Credit rating agencies report that states and local governments nationwide have more than $2 trillion in unfunded pension liabilities. In Nevada, depending on how you measure risk, that figure is between $10 billion and $40 billion. Elected officials everywhere, at every level, have promised far more in employee retirement benefits than taxpayers can afford. And those funds – and their unionized beneficiaries – want these promises kept at all cost.

If bankruptcy courts eventually determine that pension benefits can never be reduced, no matter the hardships to the public, investors will be unwilling to risk putting capital into government bonds. And the voting, taxpaying public, who can barely save for their own retirements, will have a hard time accepting the idea that their governments have to close every school and lay off every cop to continue paying lavish benefits to people who aren’t working.

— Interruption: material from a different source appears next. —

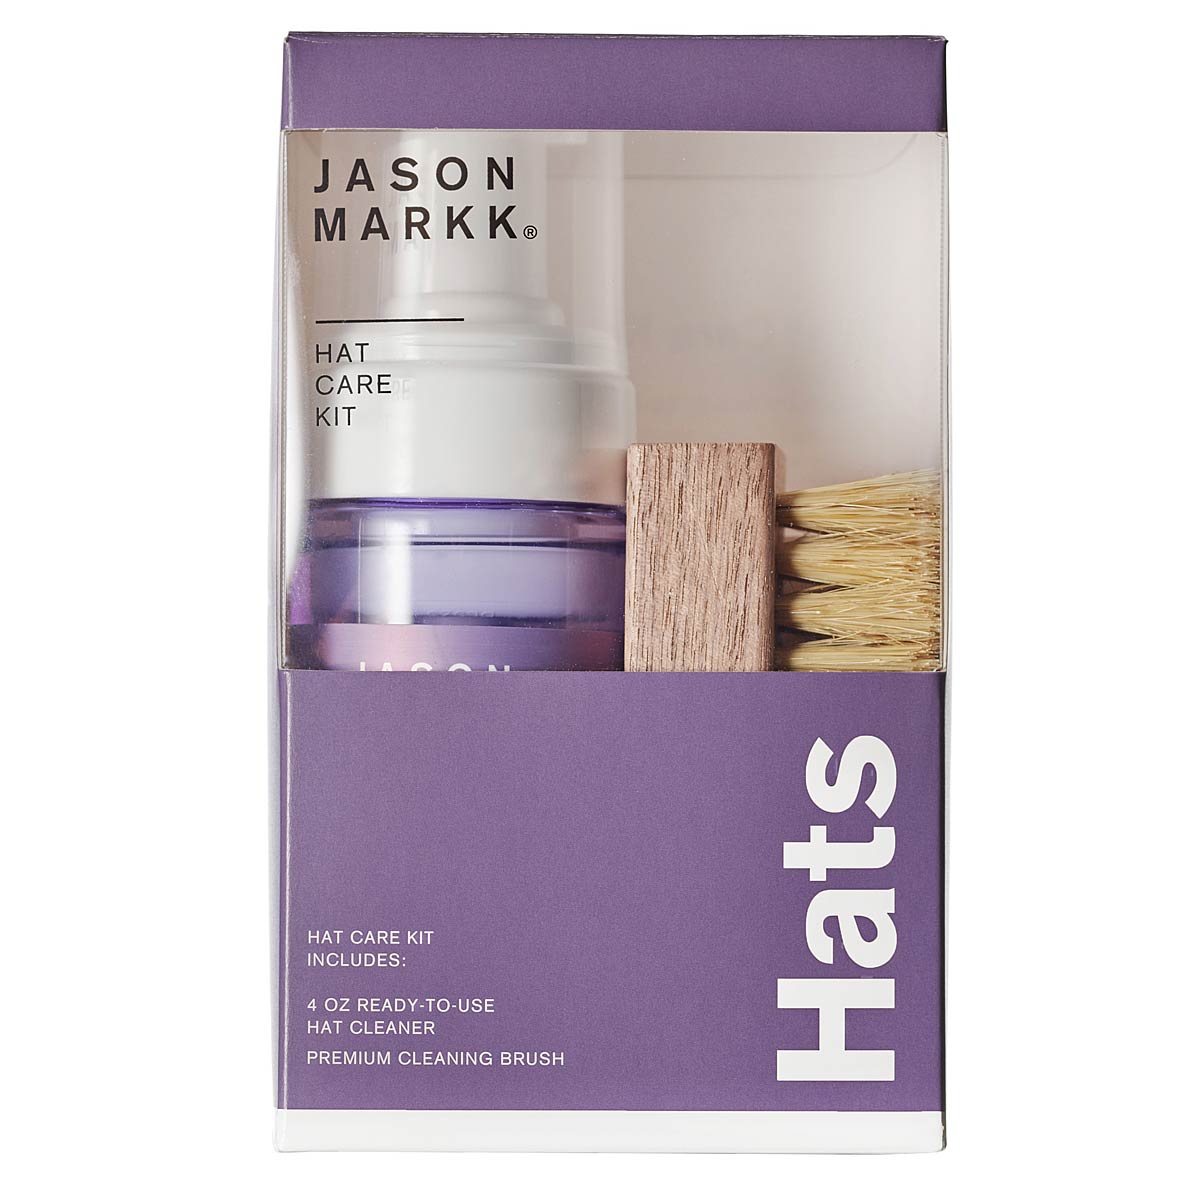 Jason Markk Hat Care Kit, White/Purple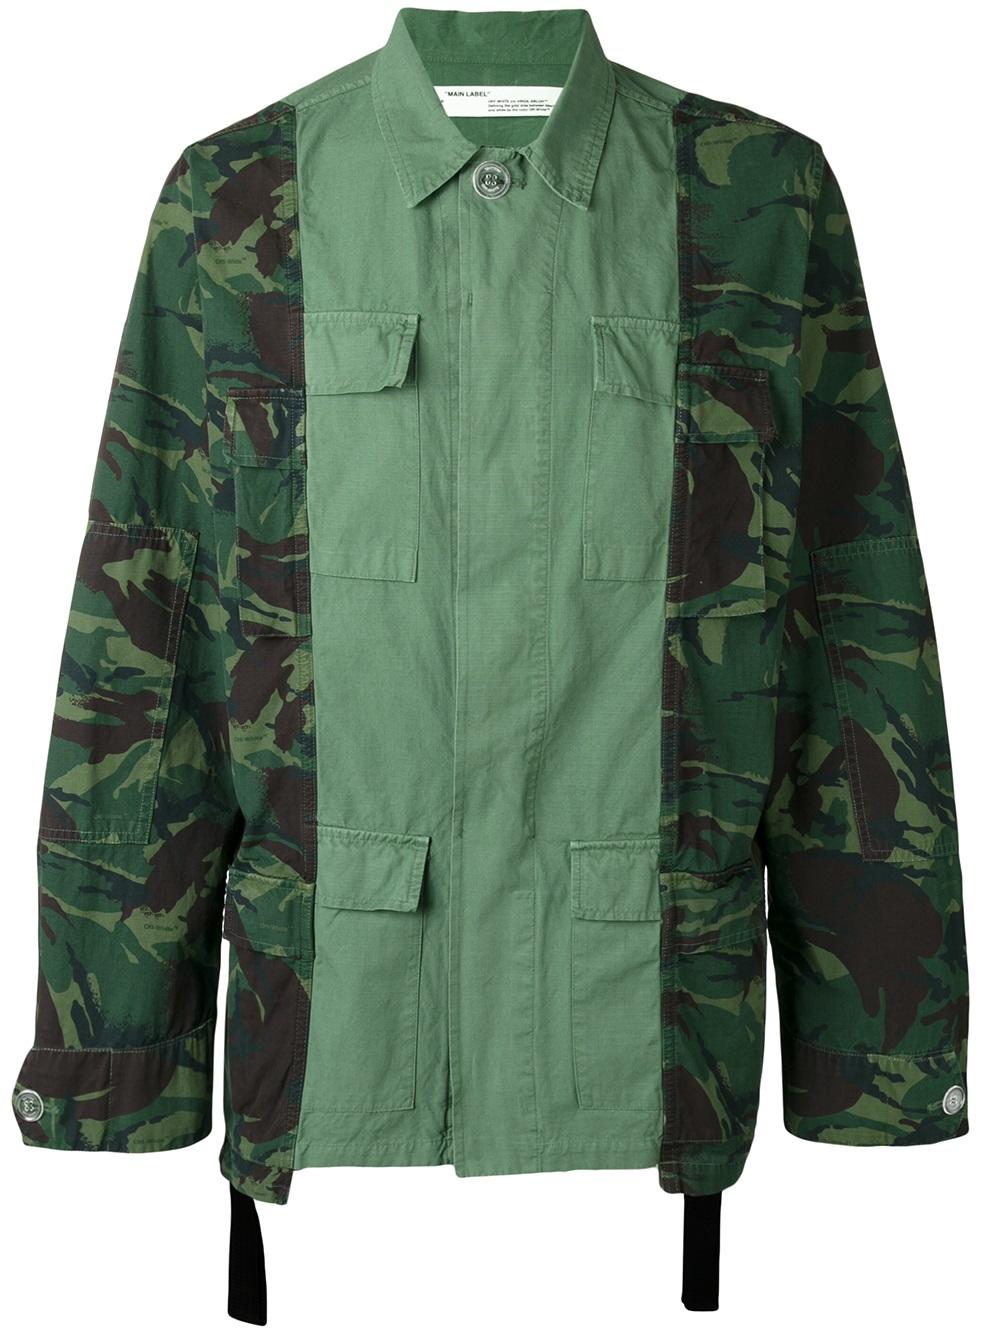 Off-White camouflage print cargo jacket 4001 GREEN Men Clothing Military Jackets

Pension reform should be near the top of the Nevada Legislature’s 2013 agenda. This state can’t afford to pay people to stop working in their 40s after as few as 20 years of service.

Nevada needs to shift new public employees into a defined-contribution, 401(k)-style retirement plan, and impose new cost-reducing rules on some current workers, as the state of Rhode Island has. Establish a minimum age when retirees can begin collecting benefits. Eliminate the purchase of service time. Calculate benefits over a longer work horizon. Require public employees to provide a greater share of their pension contributions.

If Nevada and other states don’t act, this fiscal cliff will arrive much sooner than we would like.